Pincus and Rock addressed the problem of drop-outs that could not be solved in the field in their reports. Here we see how scientific reports are not

simply a reflection of the proceedings of research, but are a far stronger tool than that: they are a representation that creates a new reality. Let us take a closer look at what happened in Pincus and Rock’s reports. In most of their publications the women participating in the trials have disappeared completely from the stage. They were replaced, quite simply, by the number of treated menstrual cycles. In the 1958 publication of the Rio Piedras trial, Pincus concluded: “In the 1279 cycles during which the regime of treatment was meticulously followed, there was not a single pregnancy” (Pincus 1958: 133). And the 1959 publication in Science, describing all four Caribbean field trials, reported:

We have recently collected and analyzed the data (to November 1958) from these four projects and present here the outstanding findings derived from these data; 830 subjects took the medication for a total of 8133 menstrual cycles, or 635 woman years.

(Pincus 1959:81)

A popular writer adopted this representation strategy as well. In The Hormone Quest the author concludes:

By 1960 1600 women at the Caribbean Field Trial Centers had used Enovid as a contraceptive for from a few months to nearly four years. Their experience, as a group, with the new steroid covered nearly 40, 000 menstrual cycles or—as medical statisticians prefer to put it—about 3000 woman-years of exposure to the possibility of pregnancy.

(Maisel 1965:134)

This representation strategy had important consequences.
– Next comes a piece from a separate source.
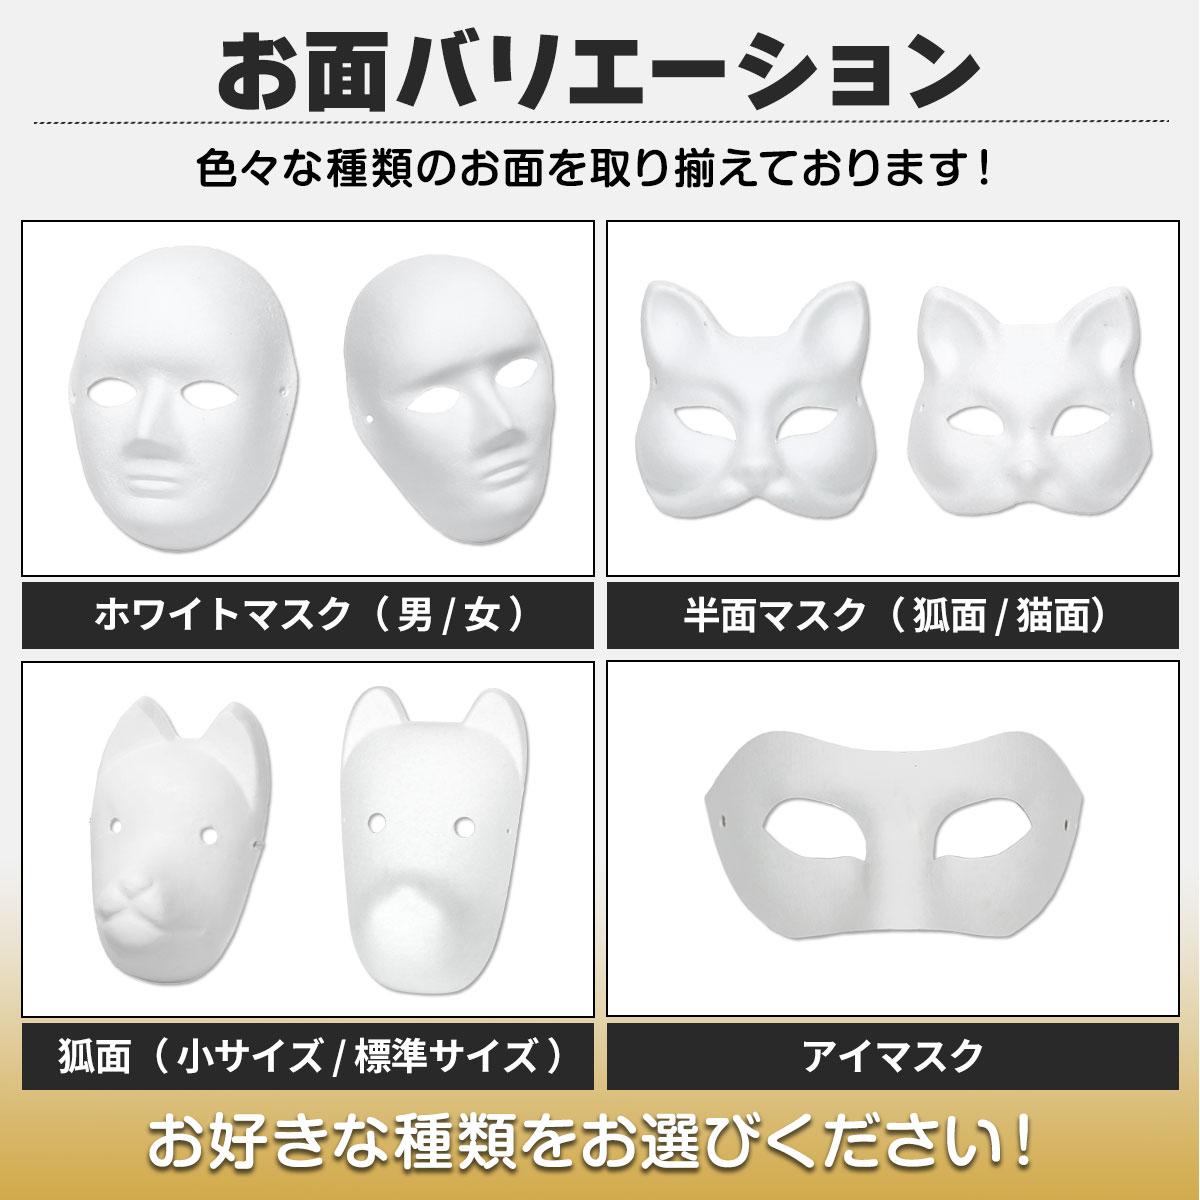 お面 仮面 マスク コスプレ 男面 女面 無地 ペイント 紙パルプ製 40枚セット

The very act of representing women as menstrual cycles resulted in a major increase of scale: the grand totals of the trials now included much more impressive numbers than a focus on the individual subject might have achieved. The trials were thus presented as having met their purpose: the testing of the progestins on large numbers of women over longer periods, as a prerequisite for its approval as a safe and reliable contraceptive.